Aplausos, no son aplausos, son dos rayos que rompen la falda de la noche. Suenan aplausos de manco, donde solo una mano viaja por el aire. Y la risa, quebrada, se esconde en un cajón de la cocina, al lado una taza rota, y cierra el cajón sin hacer ruido, sin ruido.
Vuelve a llover, pese a que el noticiero dijo que haría estrellas, muchas estrellas, estrellas en su pelo, y en sus labios, y en su risa. Vuelve a llover.
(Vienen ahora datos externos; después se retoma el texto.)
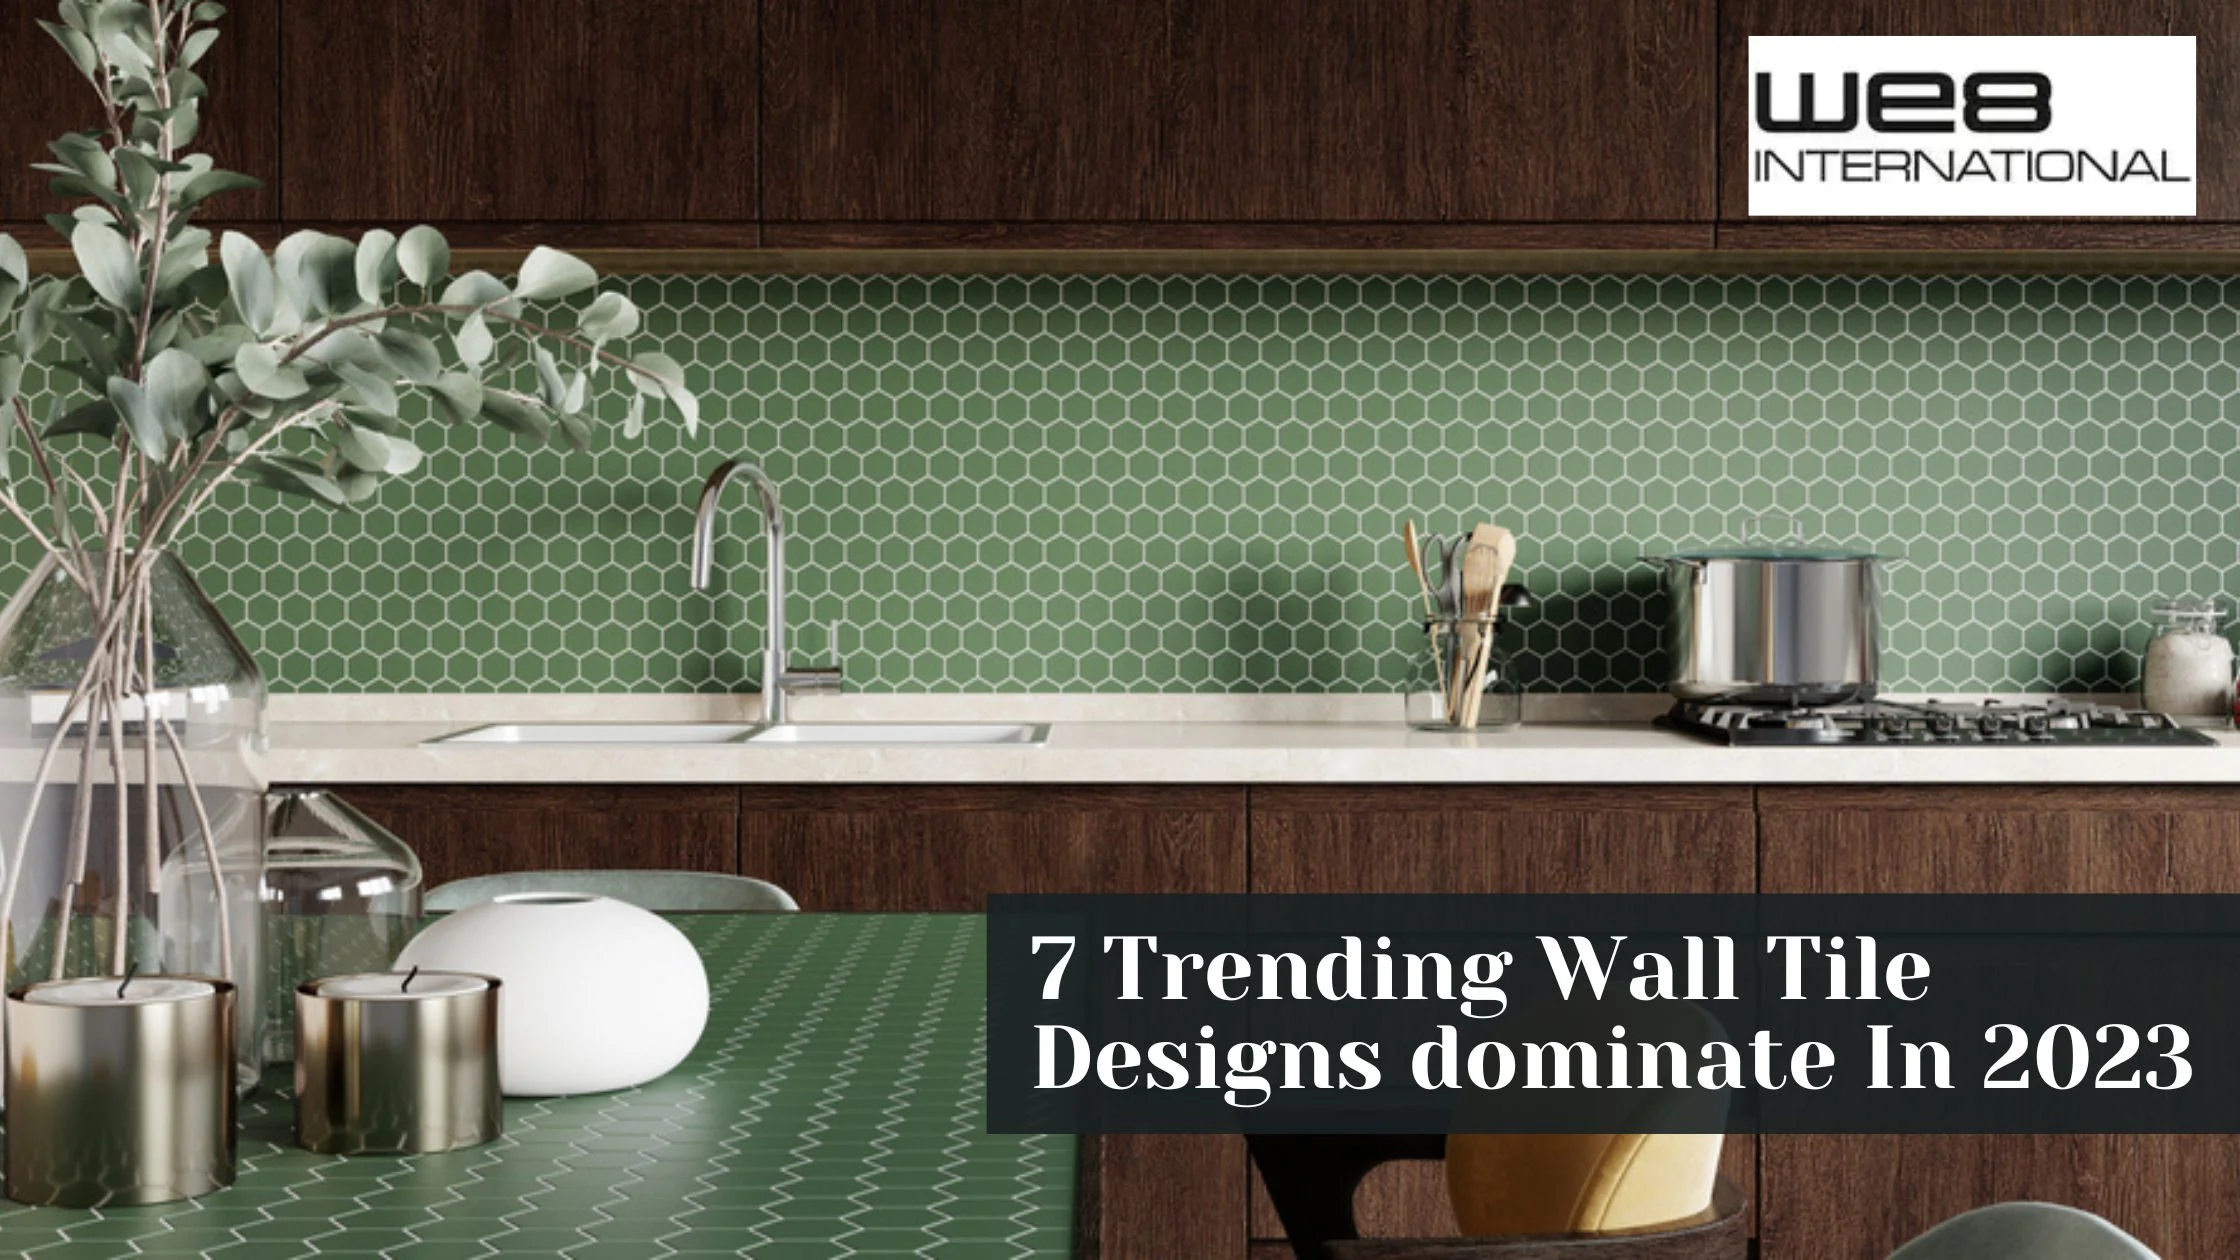 7 Trending Wall Tile Designs to Dominate in 2023

lunes, 10 de diciembre de 2012

Hace frío.

Hace frío. Más allá de la ventana debe de haber un mundo; pero hoy no me importa. Hace frío y mis dedos están tristes. Mayo es un recuerdo lejano que se ha deshojado bajo un viento que llega de las fauces de un dragón que no aprendió nunca a echar fuego. He olvidado mi reloj en algún lugar. Es especial. El relojero que lo hizo olvidó una hora, solo una, y cada día tengo sesenta minutos para esconderme entre el pelo de animales mitológicos que duermen a mi lado en el sofá. Sesenta minutos, una eternidad solo puesta en peligro por una espada que corta el tiempo en un incansable trabajo innecesario: ella y yo acabaremos en la misma fosa. Ni yo seré un caballero de historias legendarias en amarillas páginas, ni ella nunca acabará su tarea pese a su estúpido y mecánico encono. Hace frío. Abril, sentado delante de la chimenea, dice que se está pensando traer flores el próximo año. Tose, y de su boca cuelga el tallo de una amapola. Se limpia con su pañuelo y sigue mirando el fuego. Tocan a la puerta. Es la noche. Entra frotándose las manos y va a sentarse junto a abril mientras pide que no encendamos la luz. Junto al fuego apenas se la ve. Silencio. Apenas se oye el aliento cálido de Abril y un susurro lejano a besos que sale de entre las ropas de la noche. Seguramente algunos amantes que han buscado amparo en ella. No contaré nunca su historia. Y seguimos allí, callados, viendo como el duende del fuego salta de un tronco a otro incesantemente mientras canta una tonada que ahuyenta a Cronos. Debe de haber otro mundo fuera; pero hoy no nos importa.